J Neurol Surg B Skull Base 2016; 77 - P085
DOI: 10.1055/s-0036-1580031

Recurrence and Sphenoidal Prolapse of a Rathke Cleft Cyst following Endoscopic Transsphenoidal Resection Presenting with Delayed Spontaneous CSF Leak: A Case Report

Amjad N. Anaizi 1, Joshua E. Ryan 1, Timothy DeKlotz 1, Rocky Felbaum 1
  • 1Georgetown University Hospital, Washington, Dist. of Columbia, United States

Background and Importance Recurrence of Rathke cleft cysts following resection are rare in the neurosurgical literature, and there are no reports of patients presenting with cyst recurrence with concomitant prolapse into the sphenoid sinus and CSF rhinorrhea. Furthermore, sellar floor reconstruction is not recommended following resection if no CSF leak is seen intraoperatively to facilitate continued drainage. We present a patient who developed CSF rhinorrhea and sphenoidal prolapse of a recurrent Rathke cleft cyst 7 months after endoscopic transsphenoidal subtotal resection.

Clinical Presentation The patient initially presented with headaches and was found to have a cystic sellar lesion with suprasellar extension. Ophthalmologic examination revealed a mild bitemporal hemianopsia. At that time she underwent endoscopic transsphenoidal resection with both frozen section and final pathology consistent with a Rathke cleft cyst. At the time of closure, no CSF egress was seen with Valsalva maneuver, and bony reconstruction was not performed. Her post-operative course was uncomplicated until she returned 7 months after initial resection with a 2-week history of clear rhinorrhea which was positive for β-2-transferrin. A CT Head showed pneumocephalus within the sella, and an MRI brain showed a cystic lesion extending from the sella inferiorly into the sphenoid sinus concerning for a prolapsed Rathke cleft cyst. She was taken to the OR for endoscopic transsphenoidal exploration. Endoscopic visualization within the sphenoid sinus revealed a prolapsed cyst extending from the sella with a focal defect and spontaneous CSF egress. The distal portion of the cyst was resected followed by reduction with bipolar cautery. The cyst was not resected in its entirety due to concern for the presence of neural tissue within the cyst. Following adequate reduction, the mucosa surrounding the sella and the bony defect was removed. A fat graft harvested from the patient’s abdomen was then placed into the defect and buttressed with a septal cartilage graft. A nasal packing was used for several days to bolster the closure. No further CSF rhinorrhea was seen throughout the remainder of her hospital stay and the patient remains symptom free in clinical follow up.

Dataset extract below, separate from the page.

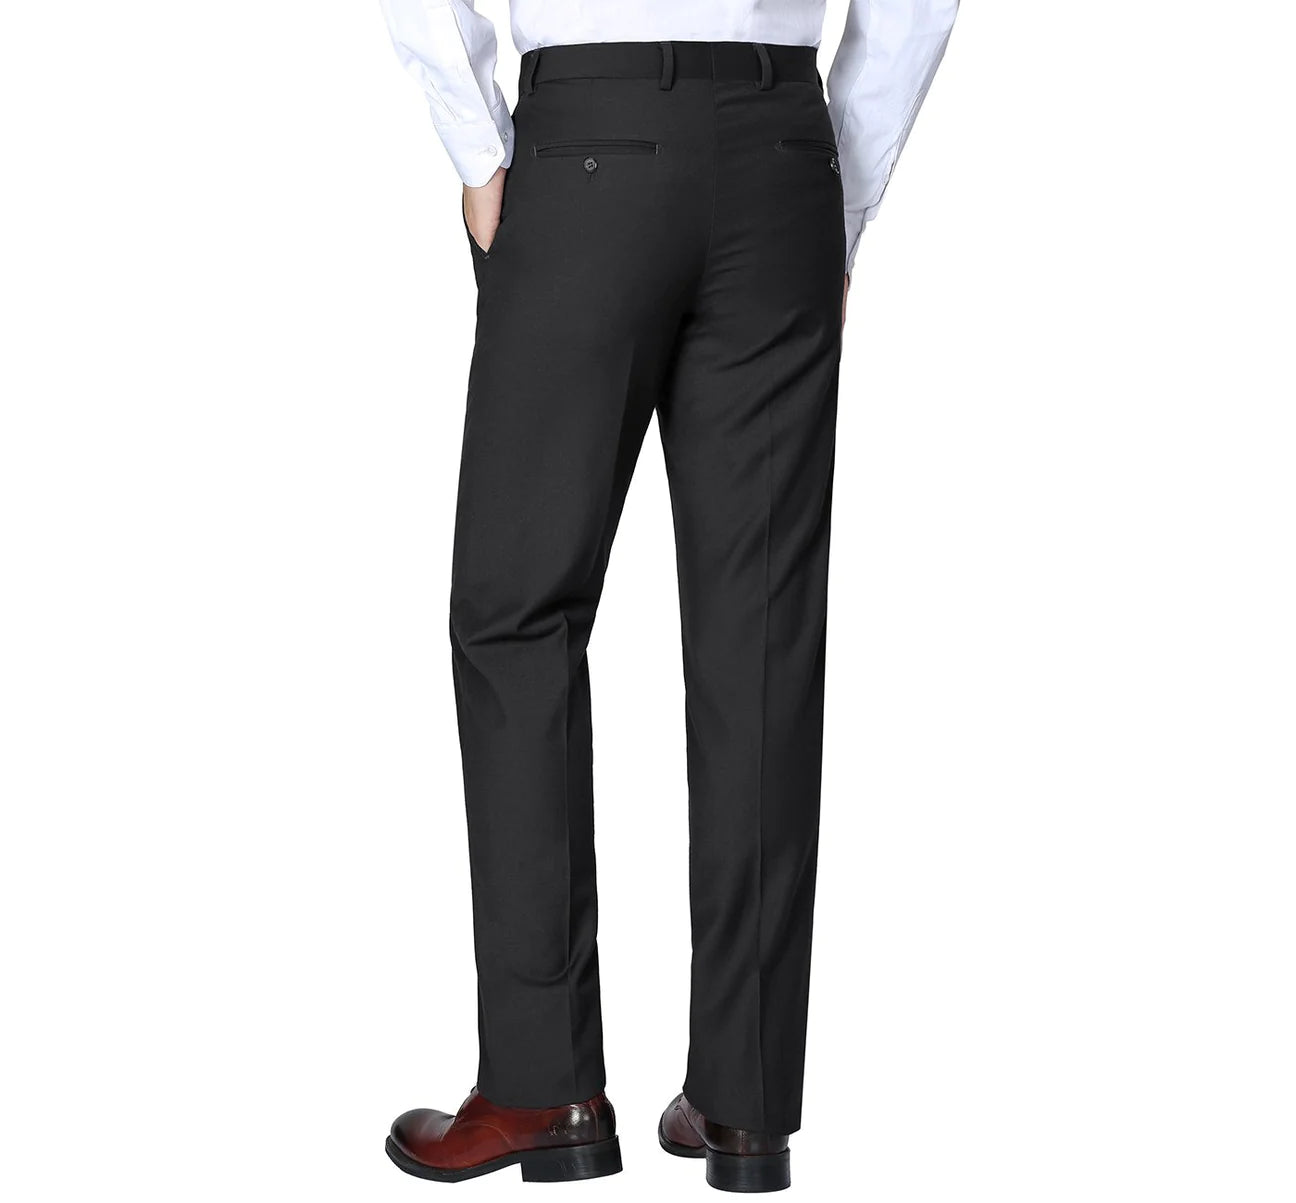 Renoir Black Slim Fit 100% Virgin Wool Suit Slacks 508-1

Conclusion: Although recurrence of Rathke cleft cysts is reportedly rare following resection, we present a patient who developed prolapse of a recurrent cyst into the sphenoid sinus and who presented with frank CSF rhinorrhea 7 months after initial resection. Reconstruction of the bony defect was performed at the time of re-operation, and follow-up continues for this patient.

Fig. 1 Coronal CT Head showing pneumocephalus within the sella.

Fig. 2 Coronal T2 MRI brain showing cystic lesion extending into the sphenoid sinus.

Fig. 3 Sagittal T1 post-gadolinium MRI brain showing enhancing cystic lesion extending from the sella into the sphenoid sinus.